Ethanol
and cardiac health
Recent
attention in the medical press has focussed on the reported association between
“moderate” alcohol consumption and decreased risk of sudden death, especially
from cardiovascular causes. This has met with angry reactions from anti-liquor
campaigners culminating in an emotional and sometimes bitter controversy. The
following discussion is an attempt at presenting and analysing the facts
available at present in a critical, unbiased manner.
To begin with,
it must be admitted indubitably that alcohol is a vasodilator. But this is not
the reason for alcohol’s beneficial effects on the heart since the vasodilation
is mostly confined to cutaneous vessels producing the warm, flushed skin of
acute intoxication. There is virtually no increase in coronary blood flow in
human beings. In fact, in individuals with existing coronary artery disease,
ethanol decreases the time period of exercise required to precipitate angina
and to produce changes in the ECG which are indica-tive of myocardial
ischaemia. It has been proved conclusively that ethanol induces the release of
catecholamines from the adrenal medulla, and while intoxicating doses can
produce widespread vasodilation, moderate doses can cause appreciable
vasoconstriction in such vital areas as the heart and the brain.
However, several
studies in the recent past indicated a clear negative corelation between
chronic ingestion of small amounts of ethanol and the incidence of coronary
heart disease, beginning with the Kaiser-Permanente epidemiologic study done
way back in 1974 which was at first received with scepticism by the scientific
community. But it marked the beginning of a barrage of studies all around the
globe over the next two decades establishing the clear association between
moderate alcohol consumption and reduced risk of coronary heart disease. After
much study and deliberation investigators have now come to the conclusion that
the protective effect of ethanol on the heart is because it increases the
concentration of high density lipoproteins (HDL) in the plasma, while at the
same time decreasing that of low density lipoproteins (LDL). It is well known
that the lower the concentration of HDL in the blood the greater is the risk
for developing coronary heart disease (CHD). The reverse is true for LDL. Today
several studies have established a convincing relationship between alcohol
intake and the level of protective HDL, including both its HDL2 and HDL3
subfractions. Angiographic studies have also demonstrated that moderate alcohol
consumers have less severe coronary atherosclerosis than teetotallers. Among
the different types of alcoholic beverages there is evidence to suggest that
wine (especially red wine) offers maximum protection.
It is now also
clear that apart from its beneficial effect on cholesterol levels, alcohol has favourable
effects on haemostatic factors such as plasma fibrinogen, fibrinolytic
activity, and platelet adhesiveness. Investigations have demonstrated a
clear-cut association between ethanol consumption and plasma levels of tissue
plasminogen activator which is a major component of the fibrinolytic system.

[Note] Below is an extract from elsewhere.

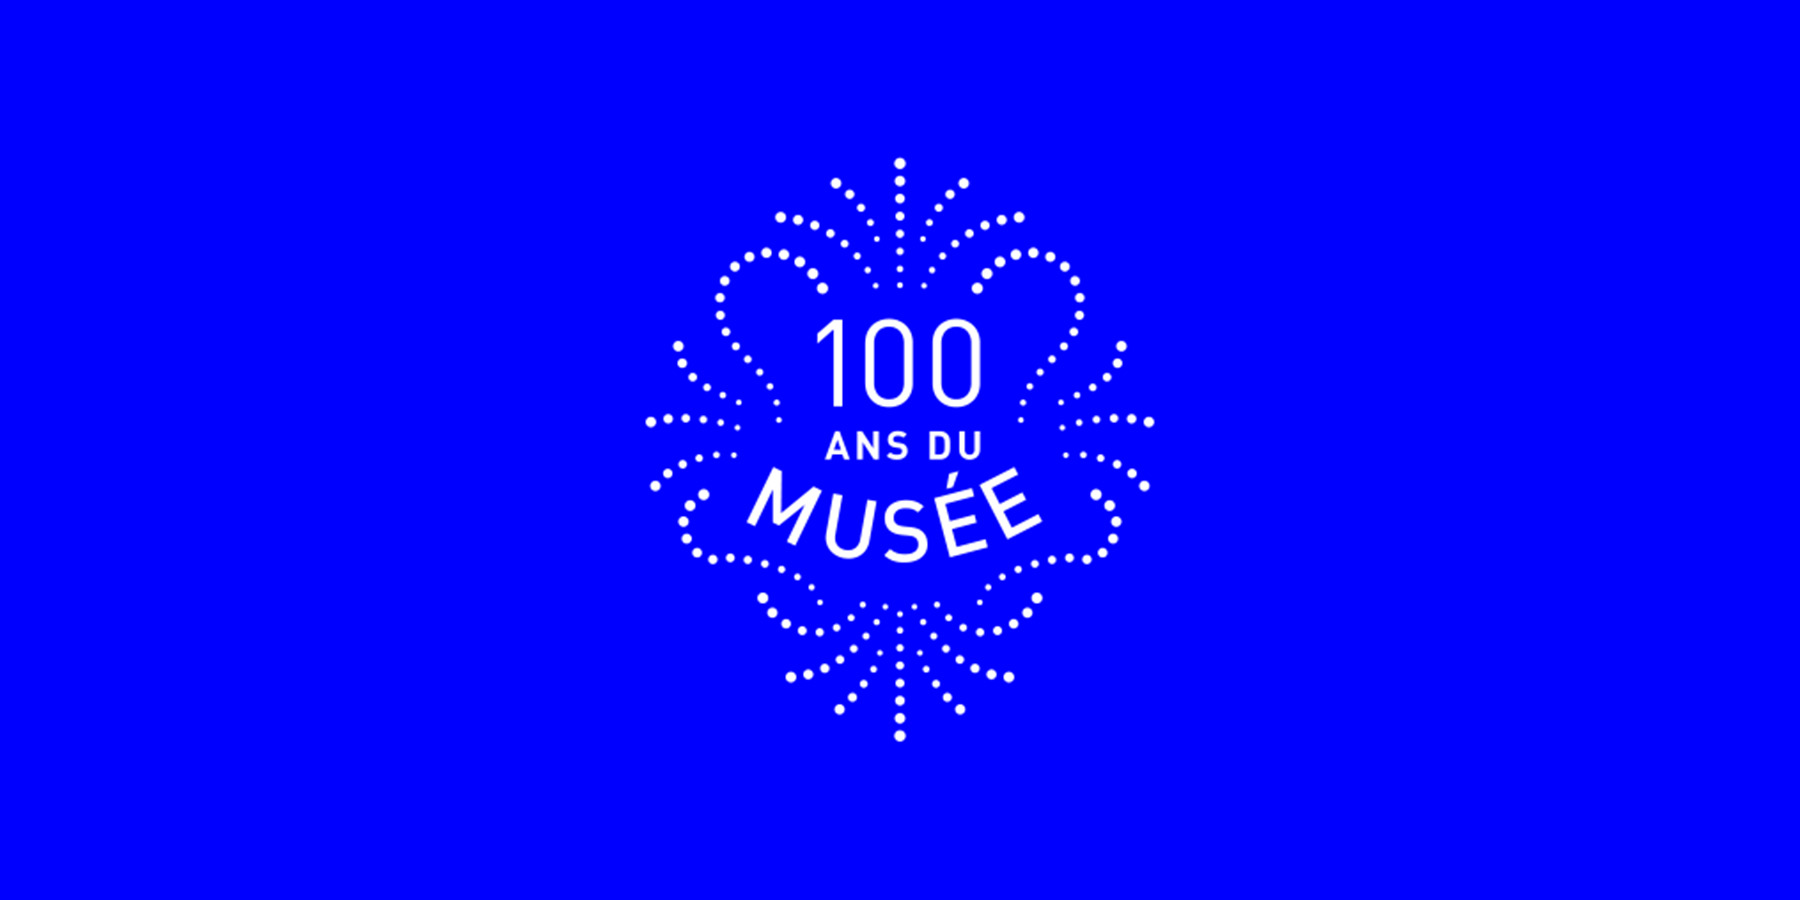 100 ans du musée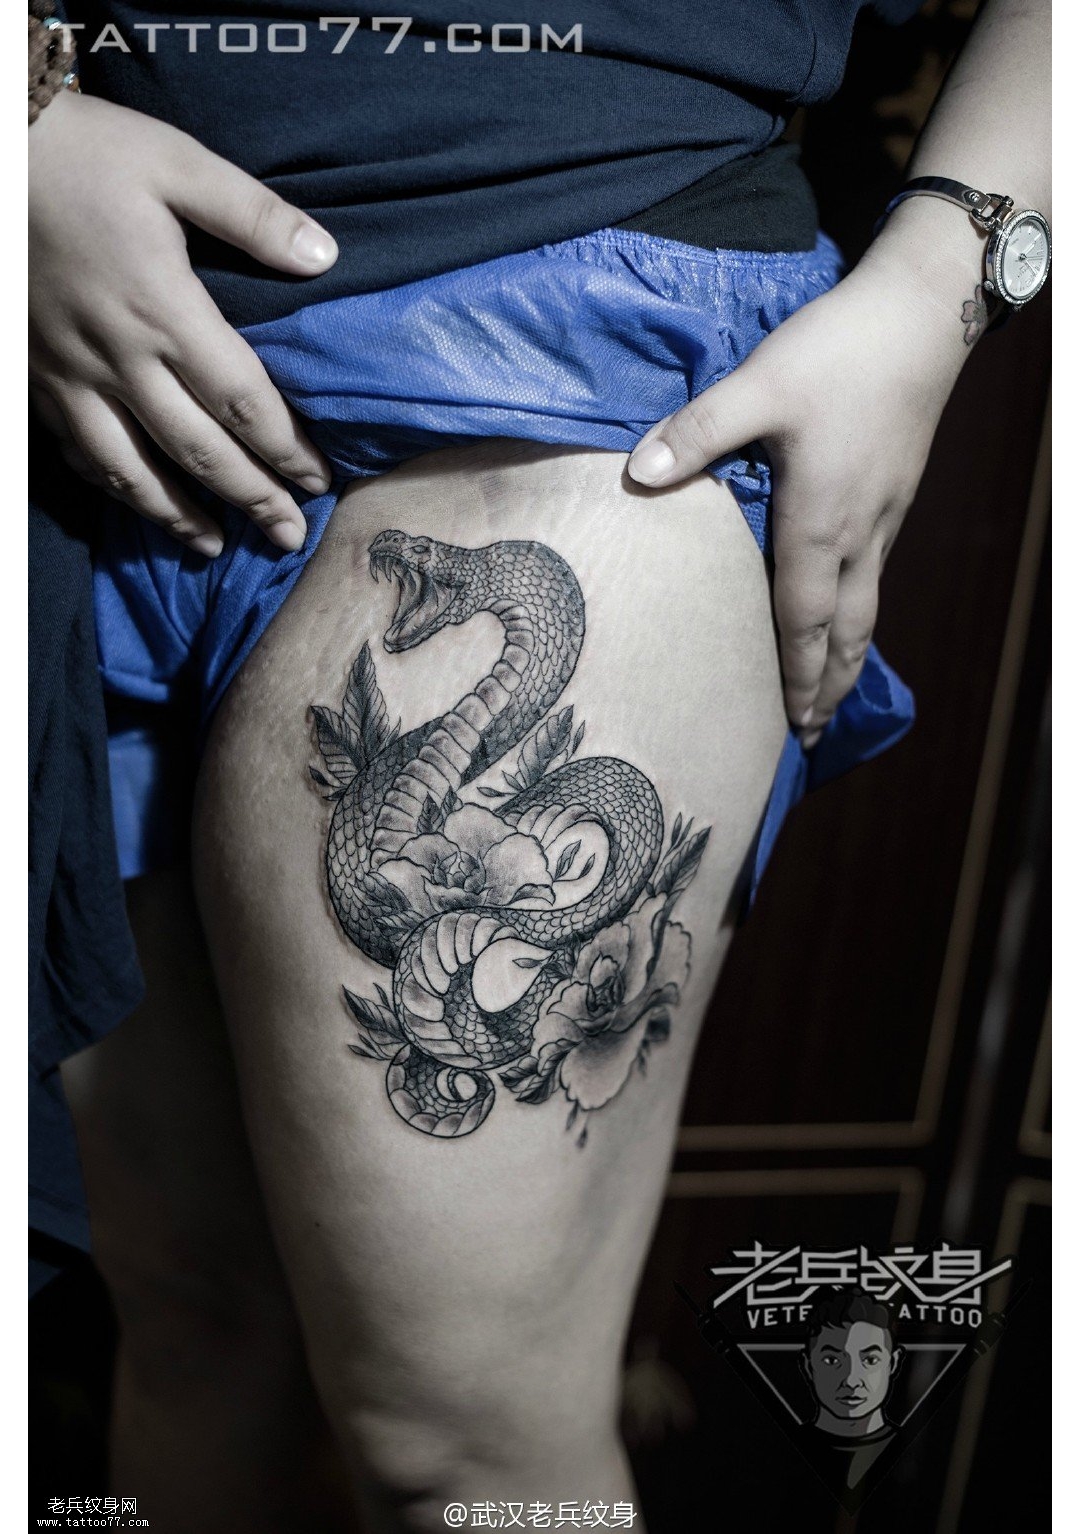 大腿牡丹蛇纹身图案作品

Increased fibrinolytic activity is very important in the prevention of coronary
thrombosis and supplements the anti-atherosclerotic effect via the
HDL-cholesterol levels. Even forensic autopsies have pointed towards a positive
asociation between moderate drinking and cardiac health.
Having come to
this conclusion, it must be emphasized that the purported beneficial effects
rapidly evaporate as consumption is increased beyond desirable levels, and in
fact the deleterious effects would then be much more than in those who don’t
drink at all. So the question arises: what is “moderate” alcohol consumption ?
Unfortunately the definition of moderation varies from one study to another,
but the balance of evidence is that the daily consumption must not exceed 2 to
3 drinks per day. A standard drink is roughly the equivalent of 45 ml of
distilled spirits (15.1 gm alcohol) or 150 ml of wine (10.8 gm alcohol), or 350
ml of beer (13.2 gm alcohol).
In the final
analysis, while physicians may use their discretion in advising patients about
the beneficial effects of moderate ethanol consumption, it must be emphasized
that safe drinking is not a panacea for sound cardiac health.
The
benefits documented thus far need further study and irrefutable confirmation.